Riyad Mahrez? He’s an example!”

goes the mantra in Sarcelles, a north Parisian housing project where strings of high-rise blocks were built in the 1950s and 1960s primarily to accommodate French settlers from Algeria.

It was in this town 16km (10 miles) north of Paris that the Algerian international was born and raised, and the Premier League winner with Leicester who will be one of the stars of the upcoming African Cup of Nations continues to inspire. At AAS Sarcelles, Mahrez’s first club, the young wannabe footballers all seem to favour their left feet, like their idol, now 25.

On one of the football pitches belonging to the multi-faceted Sarcelles sports club, the regional under-16 team fight to talk about Mahrez, and the praise is, unsurprisingly, high.

Sekou and Yanis, naturally left-sided attacking midfielders, express their admiration for the path trodden by a player long ignored as a youth because of what was deemed a puny physique.

Mahrez stagnated in Sarcelles’ second or third teams, plying his trade in the wider Paris region until he was 18 before touching down in England five years later, after spells at Quimper and Le Havre.

Mohamed, yet another ‘leftie’, speaks of the ‘street’ style Mahrez has maintained despite going professional.

“When he’s in front of a player, you know he’s going to skin him,” he said.

“It’s his speciality and I love it! Imagine you’re facing a defender, you do a step-over, change direction and he falls: the crowd goes nuts!
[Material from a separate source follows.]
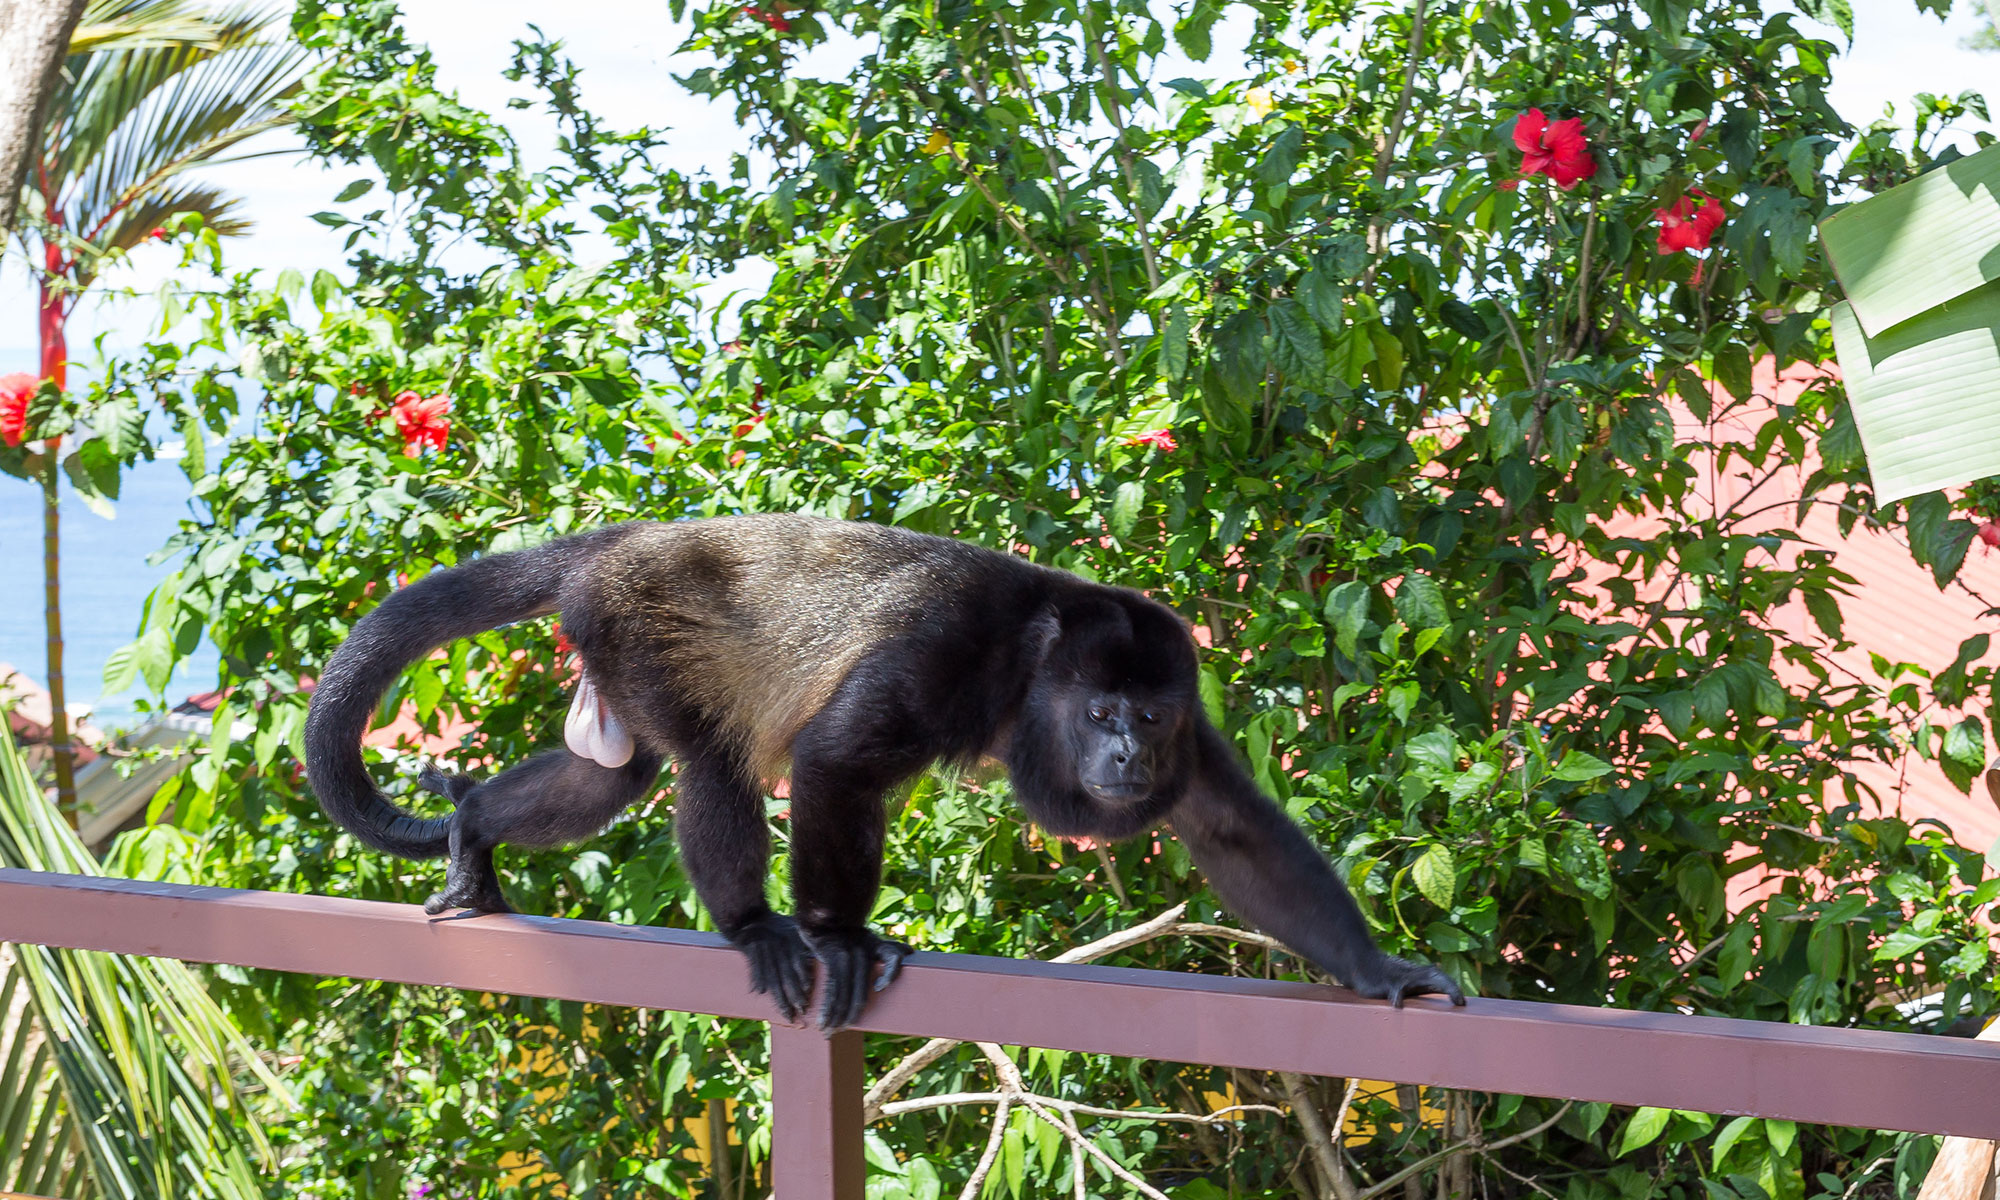 Villa Natura howler monkey visitor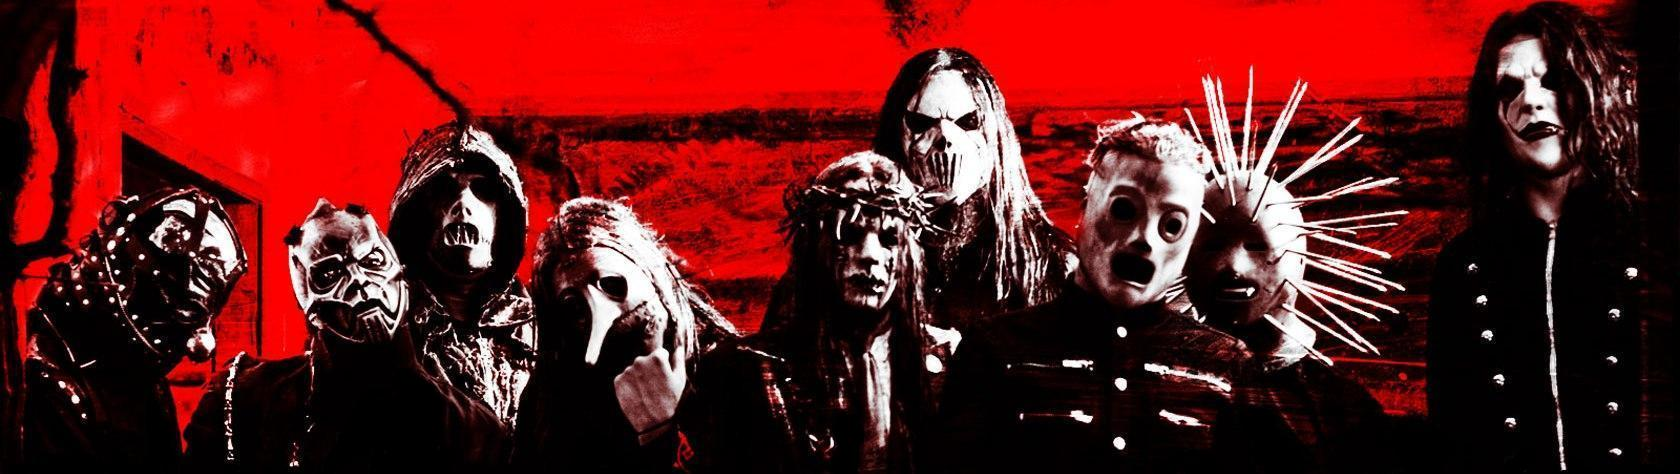 Slipknot - Главная страница: http://slipknot1.my1.ru/

It’s too cool.”

Faysal Abdelwahbi, 23, a childhood friend of Mahrez’s, was adamant that “everything started here”.

“All the things he does to defenders in England, we were on the receiving end right back in the beginning.

“That step-over dribble against Manchester United, sending (Chelsea’sCesar) Azpilicueta the wrong way, or really taking (Martin) Demichelis to the cleaners…” he reminisced to general hilarity.